I didn’t know what they were – small, coppery discs of plastic film, about 1 cm diameter, glittering in the sun. I picked up a half dozen and put them in my pocket. I guessed they might be modern confetti, and Hannah confirmed that she had seen things like it, released from a burst helium balloon at a child’s party. I couldn’t quite believe that something quite so environmentally unfriendly had been created and successfully marketed as an alternative to rice, flower petals and paper confetti.
I did a bit of internet research, trying to find out about them: how and where they are made, who the biggest suppliers are, where the raw materials are sourced from, and so on. It was easy to find who the biggest suppliers in the UK are, less easy to find where they are actually manufactured and where the raw materials are sourced from, so impossible to estimate a carbon footprint.
I thought they might be aluminised mylar (something I’m familiar with from my former life as a physicist) and found I was right. They’re basically made out of plastic film (usually PET or polypropylene), vapour-coated with a thin layer of metal – often aluminium but other metals can be used, including nickel and chromium. It’s a mixed material and so not that easy to recycle – it is possible, and the somewhat questionable Terracycle have partnered with UK firm the Card Factory to offer a used foil balloon collection and recycling service.
Leaving aside any uncertainties about the destination of plastics that end up in such recycling services, there seems to be a basic flaw in the model. Balloons are often deliberately or accidentally released into the sky. Foiletti are bought to be thrown at people, apparently in an expression of joy. We buy them quite literally to throw away, often outside, with no chance of gathering them up at the end of whatever the celebration is and dutifully taking them to a recycling point. So what happens to them?

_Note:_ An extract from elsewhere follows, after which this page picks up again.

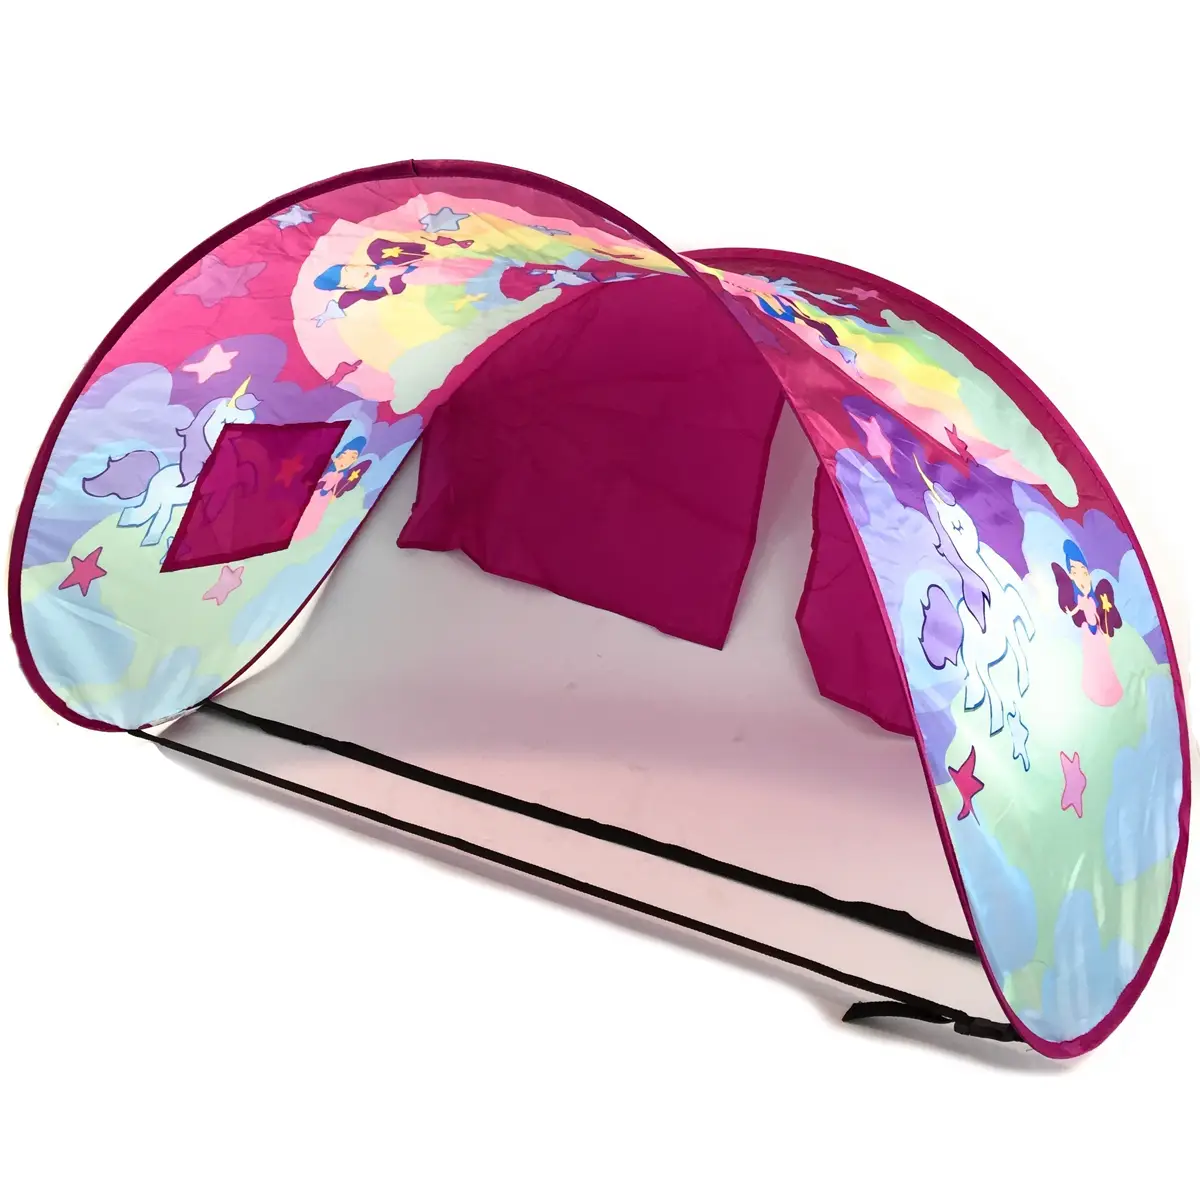 Sleepfun Tent庐 - Fairy Betthimmel Dream

In the nine months since I first spotted the foiletti on the pavement across the road from my flat, the same foiletti have continued to make appearances at the edge of kerbs, in gutters, slowly migrating away from their original site. Now that I’m attuned to their existence, I’ve found them and their kin almost everywhere – on campus, in the sand at the kids’ playground, in the grass by the river Ness:
on a deserted road in the remote Scottish island of Coll:
on the beach at Dunbar, on the Back Walk and by Stirling Community Food. Lately, I’ve been finding a variety of stars, often in the town centre, but including these two, a few metres apart, on the Kersebonny Rd near the village of Cambusbarron:
(I’ve been singing “Catch a falling star” a lot, as I put them in my pocket.) Most recently (and most inexplicably), I found a newly released swarm, clustering around the two ends of an underpass, along with some empty fast food packaging and discarded bottles of pop:
And foil balloons – well, it seems we can hardly go for a walk round here without finding them, or their remnants. We’ve found gold, copper and silver stars; red love hearts; shining metal circles and numbers; rainbows; even silver-striped zebra foil. Here are just a few:
Some places seem more popular hang-outs than others, with balloons gathering together for their own party, like this group on the edge of Stirling’s King’s Park:
They’ve been there at least two weeks now – this lot are hardcore.

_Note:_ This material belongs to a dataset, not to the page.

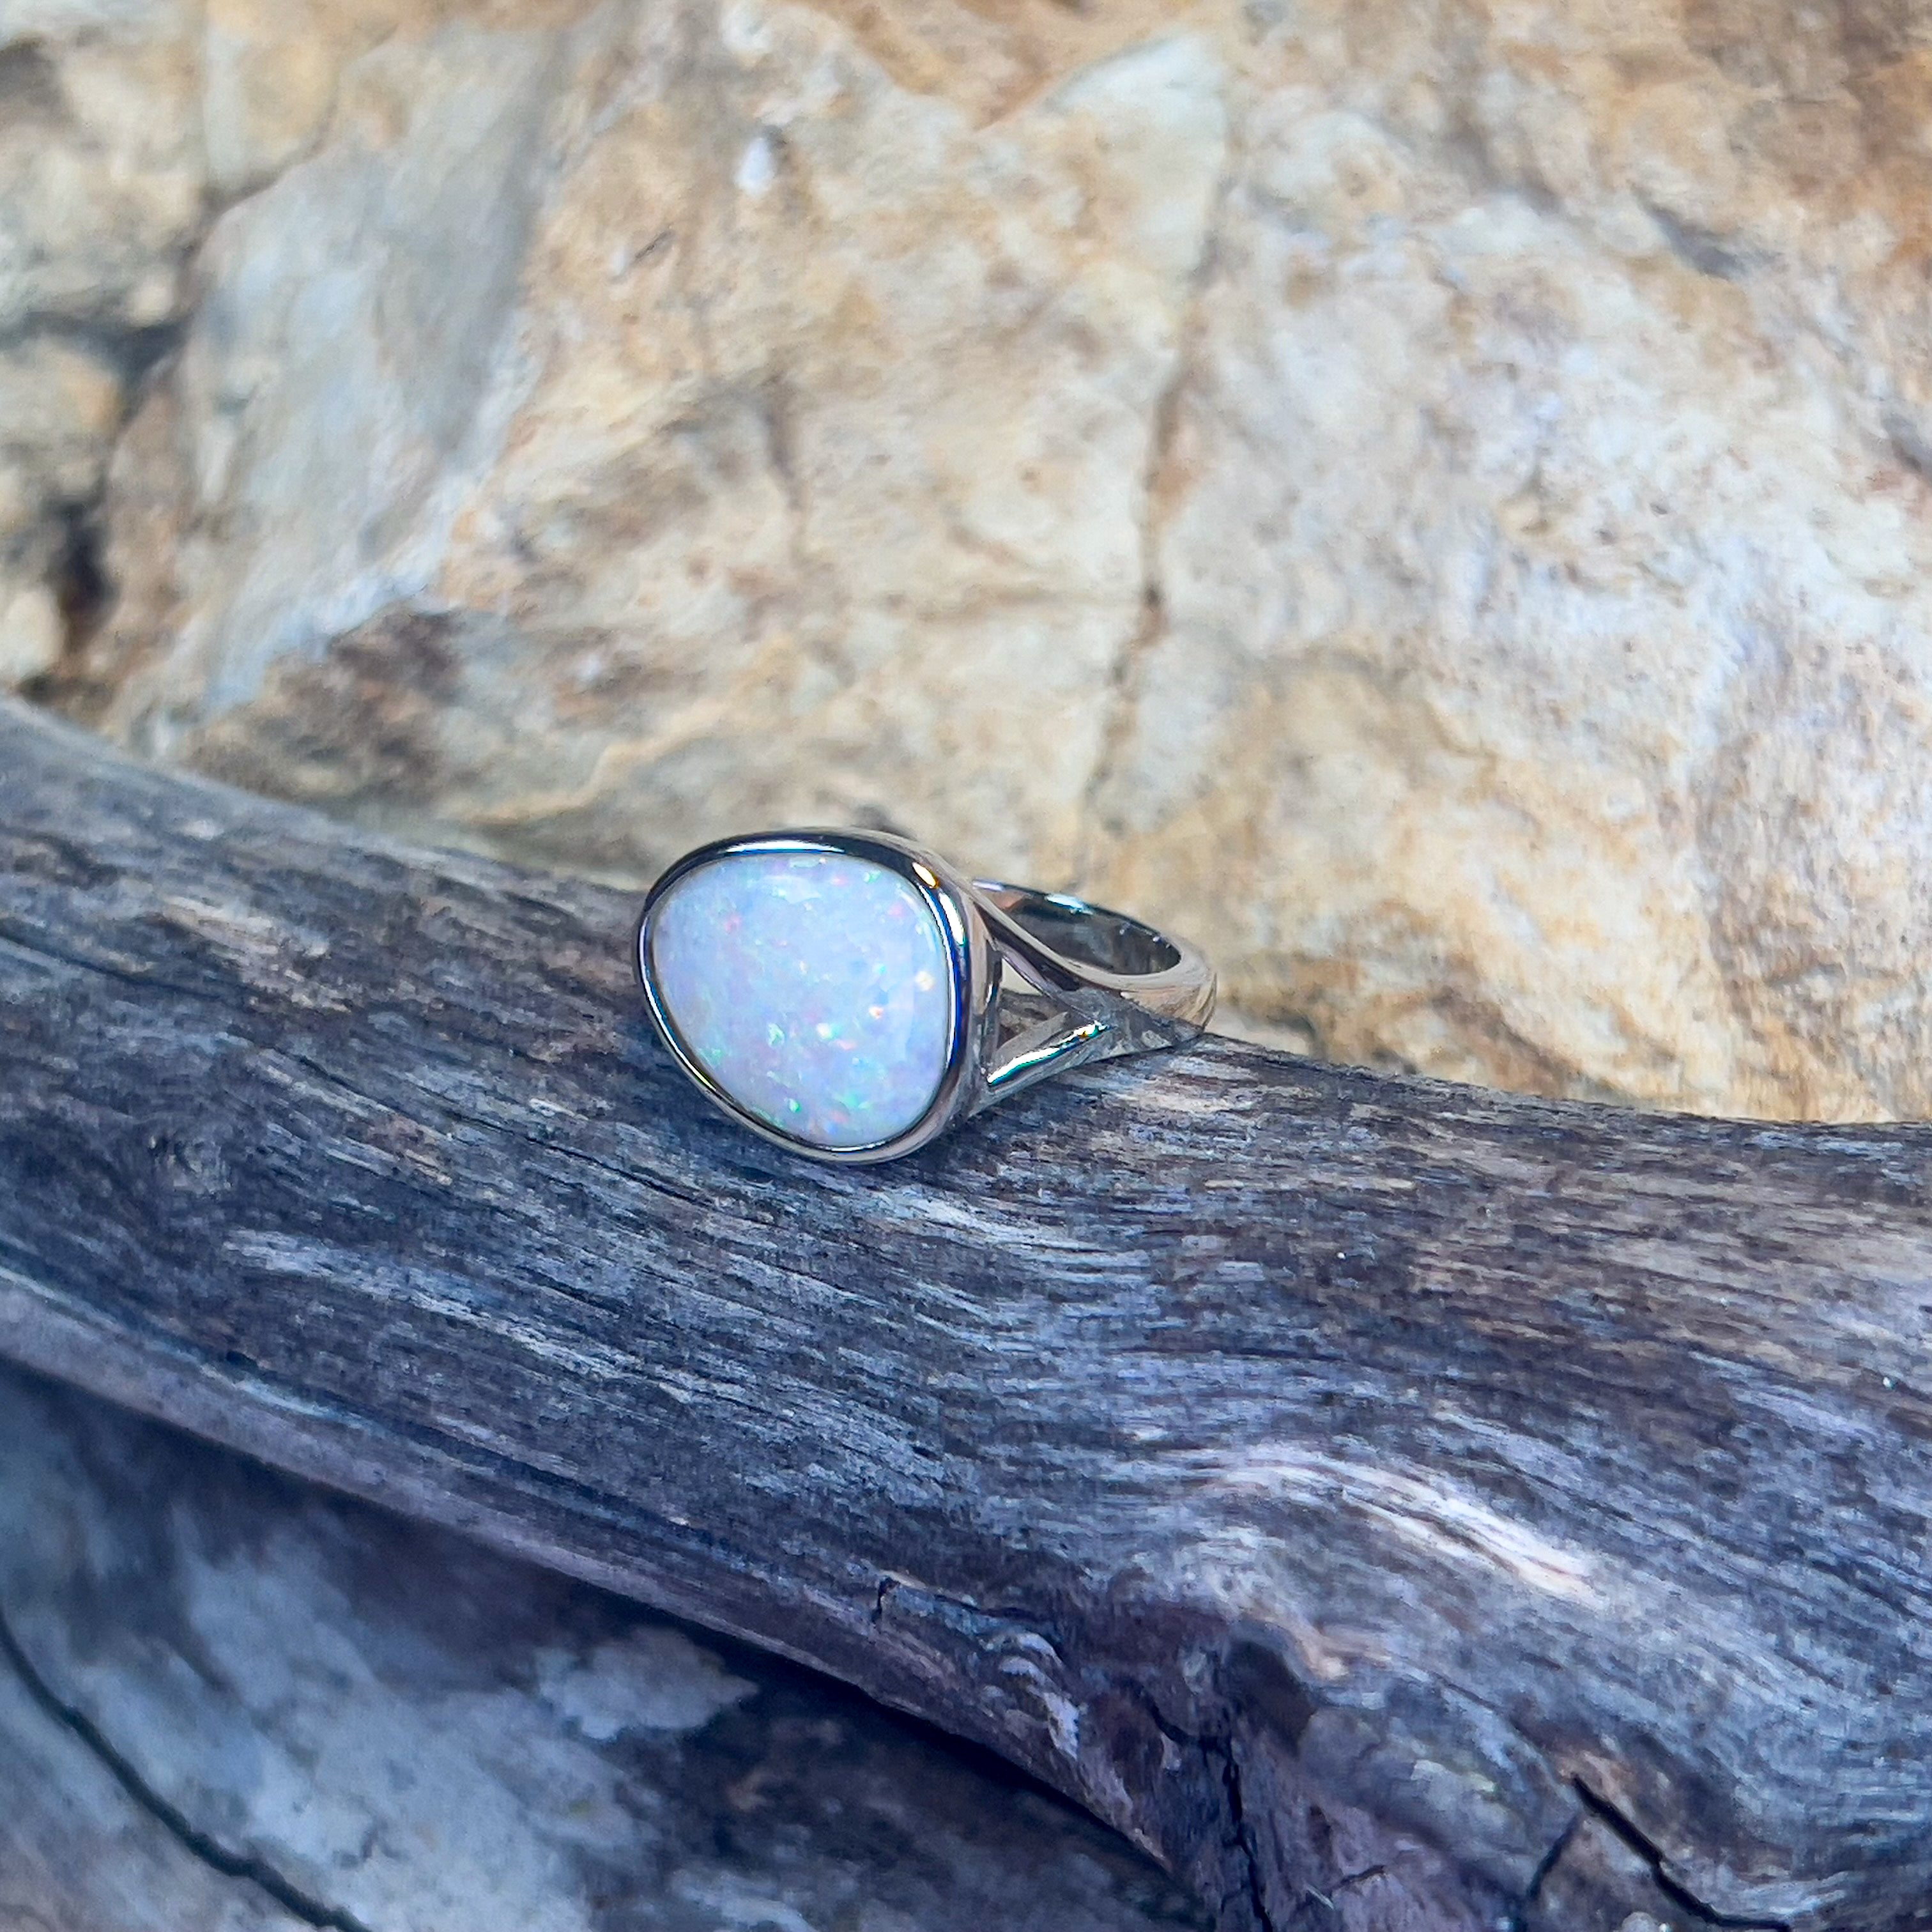 Sterling Silver bezel set white opal 2.2ct ring - Masterpiece Jewellery Opal & Gems Sydney Australia | Online Shop

And what will happen to them next? Well, the material is extremely durable – it’s what early satellite communication balloons were made out of, big inflatable balloons sent up into space to orbit the earth and act as giant reflectors. It doesn’t biodegrade or decay. It may tear and break up into smaller bits, but it wll never break down.
It’s also very light. Balloons and foilettii are constantly in transit. They drift through the air until caught in a tangle of branches, punctured and snagged in the undergrowth, ditch-bedraggled. They flutter about, ending up in fields and ditches, gutters and drains, passing into our rivers, our lakes, our seas and our beaches. Presumaly they end up in the bellies of fish and birds.
I referred to foiletti and balloons in our COP26 bite-sized lecture and foiletti are the main characters in All Souls Day, but perhaps because they have been so present in my walking and thinking, I forgot to speak about them directly before now. But maybe now is the time: let’s ban foiletti.